Note: A convention to use the first 11 characters of the UUID is followed to name the tap device. The agent deciphers the name of the tap device from the VIF UUID using this convention.
  1. The agent will subsequently enslave the tap device to the Linux Bridge. The VM is now on the Quantum network.

Integration with Nova

  1. A nova-compute VIF driver will be written. This VIF driver will be very similar to the one used by the OpenVSwitch plugin.
  2. Linux network driver (linux_net.py) extension will also be required so as to be able to plug the gateway and DHCP servers. This driver will also create a tap device for plugging the Gateway interface. The DHCP server will be association with this tap interface.
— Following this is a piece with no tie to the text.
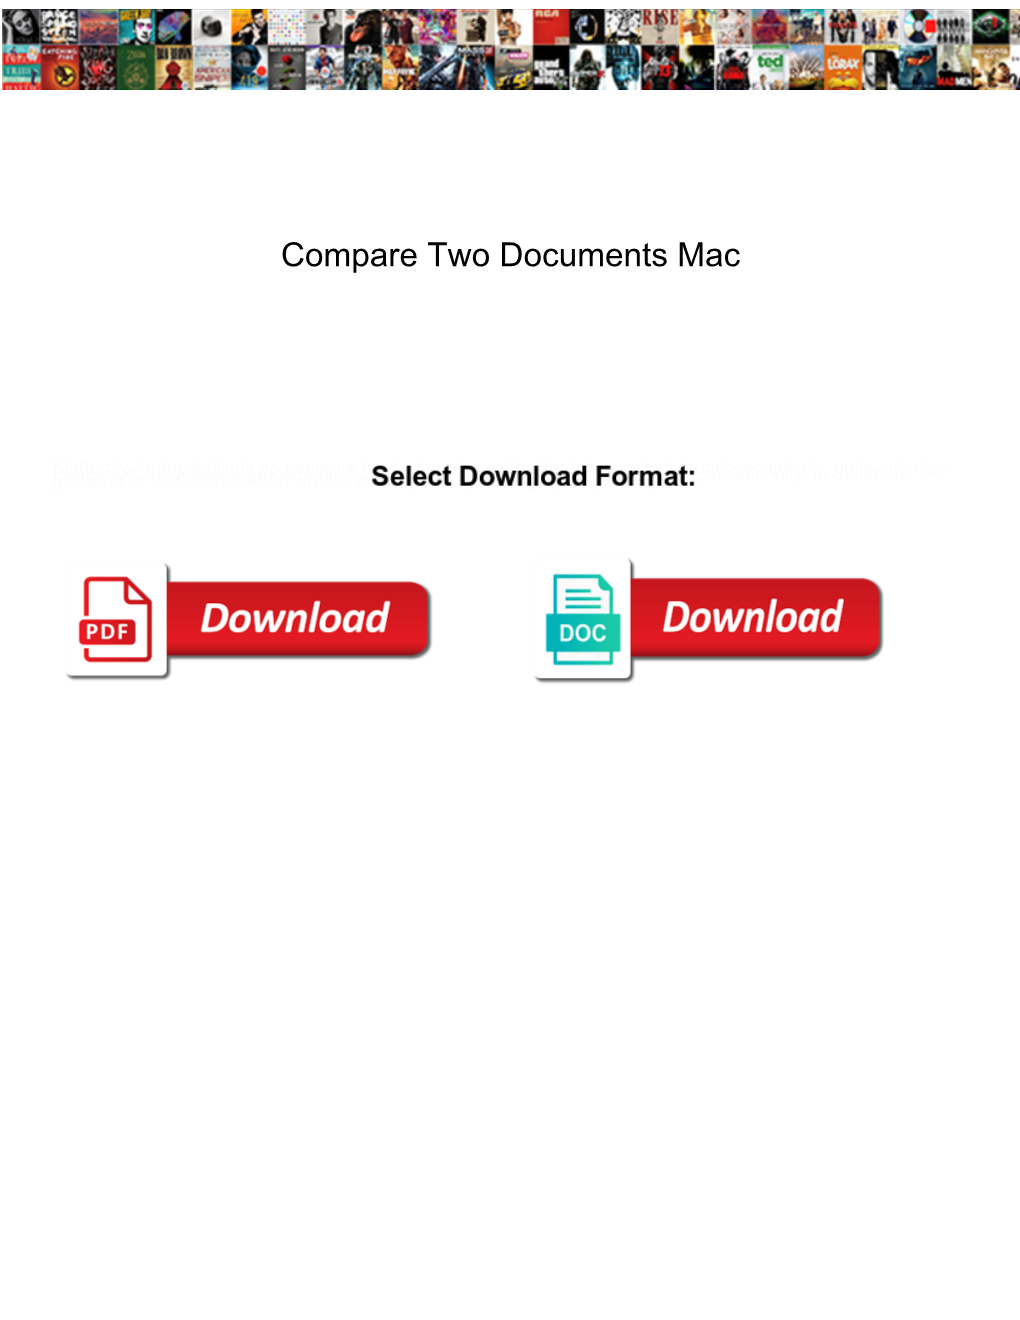 Compare Two Documents Mac
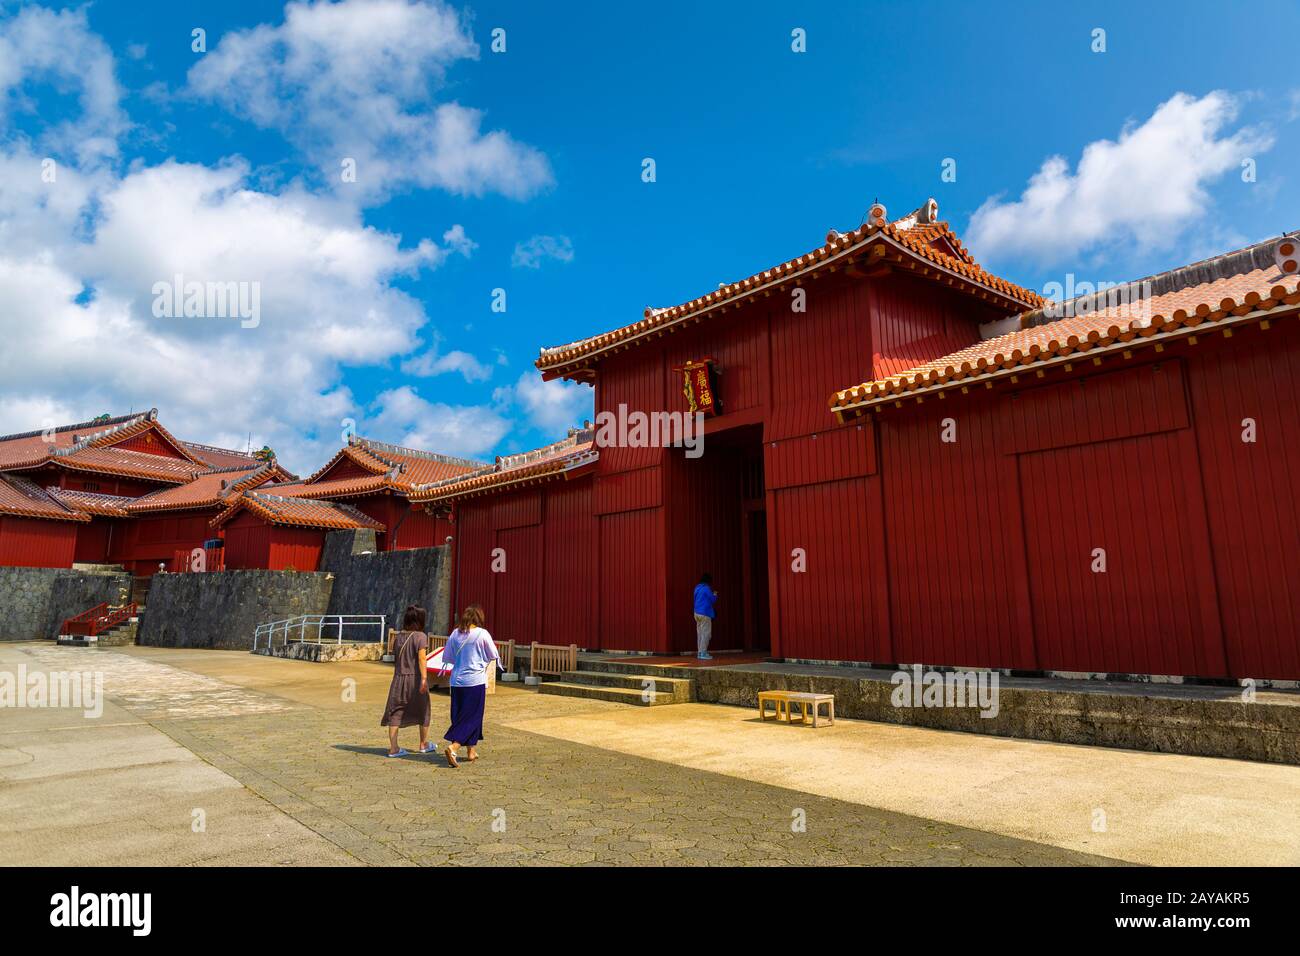 Shureimon Gate in Shuri castle in Okinawa, Japan. The wooden tablet that adorns the gate features Chinese characters that mean L Stock Photo

Handling the Gateway Interface

There is a bit of complexity involved with creating and initializing the Gateway interface, since following the set of operations will need to be performed in sequence:

  1. The aforementioned Gateway driver will first need to create the tap device and associated a MAC address provided by Nova with this device. This should happen in the "plug" hook of the driver and executes within nova's process space.
  2. The QuantumManager (network manager within nova that interfaces with Quantum) will plug the gateway tap device created earlier into a port on the network. This will result in a logical binding between the gateway tap device interface ID and the Quantum port/network (LinuxBridge plugin will handle this). This step would execute in the Quantum server's process space.
  3. The agent will running on the relevant host will pick up the logical binding and also the presence of the gateway tap device. It will try to enslave the gateway tap device to the relevant bridge (a new one will be created if it does not exist). This step would execute in the agent's process space.
  4. Once the gateway tap device is enslaved to the bridge, the gateway initialization would have to be done in the "initialize_gateway" hook of the linux network driver (linux_net.py) extension. This, among other things, will involve associating the DHCP IP address with the gateway tap device and sending a gratuitous ARP for this IP. This step would execute in nova's process space.

Note that in the above sequence of steps, steps 1 and 4 execute in the nova space, where as 2 and 3 don't. Which implies that step 4 execution has to be delayed until steps 2 and 3 are executed. This will be achieved spawning a thread to execute step 4, such that the thread will wait until the gateway device is enslaved to the bridge, and the gateway initialization will happen.